Hyperliquid Responds to Contain the Fallout

Hyperliquid’s team acted quickly once the exploit was detected. They closed remaining losing positions and paused the Arbitrum bridge that connects the exchange’s Ethereum and Arbitrum networks.

This move helped prevent additional stress on liquidity while engineers reviewed internal systems. Deposits and withdrawals stayed active and allowed users to continue normal trading.

The platform later said that core operations were unaffected and that steps were underway to improve its internal safeguards.

The exploit occurred only weeks after the project rolled out its HIP-3 upgrade, which aimed to improve trading speed and efficiency.

Bitcoin in the Wider Market Reaction

While the exploit focused on POPCAT, the event rippled across the Bitcoin and general DeFi market. Traders saw it as another example of how large holders can distort smaller markets and indirectly affect confidence in decentralised systems.

Data from CoinGecko showed a spike in Bitcoin volatility during the same period as traders moved from smaller tokens back into established assets for safety.

The native HYPE token briefly dropped before recovering 0.65% to trade near $39.72 according to TradingView. The rebound indicated that most investors viewed the issue as contained.

The $63M Liquidation Wave

As mentioned earlier, the sudden collapse in POPCAT’s price triggered about $65 million in liquidations within a few hours. According to Coinglass, over $62 million came from long positions while short traders lost roughly $1.6 million.

Despite the chaos, POPCAT’s trading volume spiked over 500% as speculators rushed to capitalise on the volatility.

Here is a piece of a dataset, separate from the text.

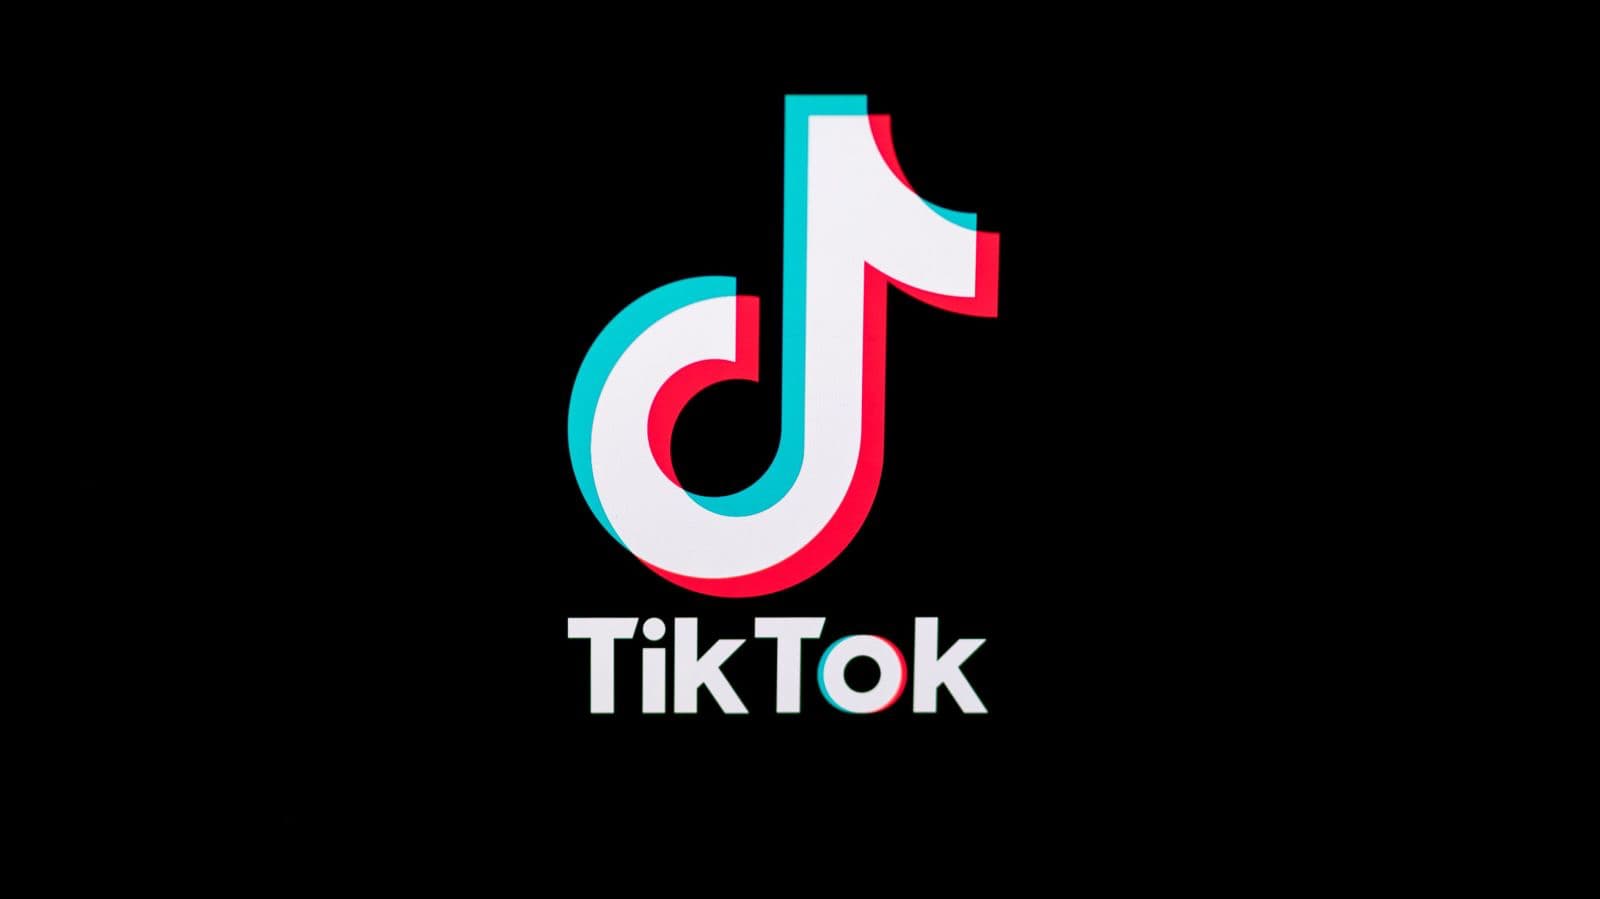 Aplicativo TikTok começa a ser banido em vários países - Metropolitana FM

Analysts warned that if the token fails to hold support near $0.12, prices could drop below $0.10.

Lessons from the Whale Manipulation

The Hyperliquid case shows ongoing risks in decentralised trading environments where liquidity is often thin and large traders can affect prices quickly.

Bitcoin itself has grown more stable over the years, but smaller tokens are still exposed to manipulation. The exploit also showed the challenges of balancing decentralised control with centralised risk management.

By design, the HLP system protects users from individual losses. It also means that the platform absorbs the fallout when markets swing too fast.

Hyperliquid’s transparent response helped calm traders, yet the event showed how even well-designed DeFi systems can face unexpected stress.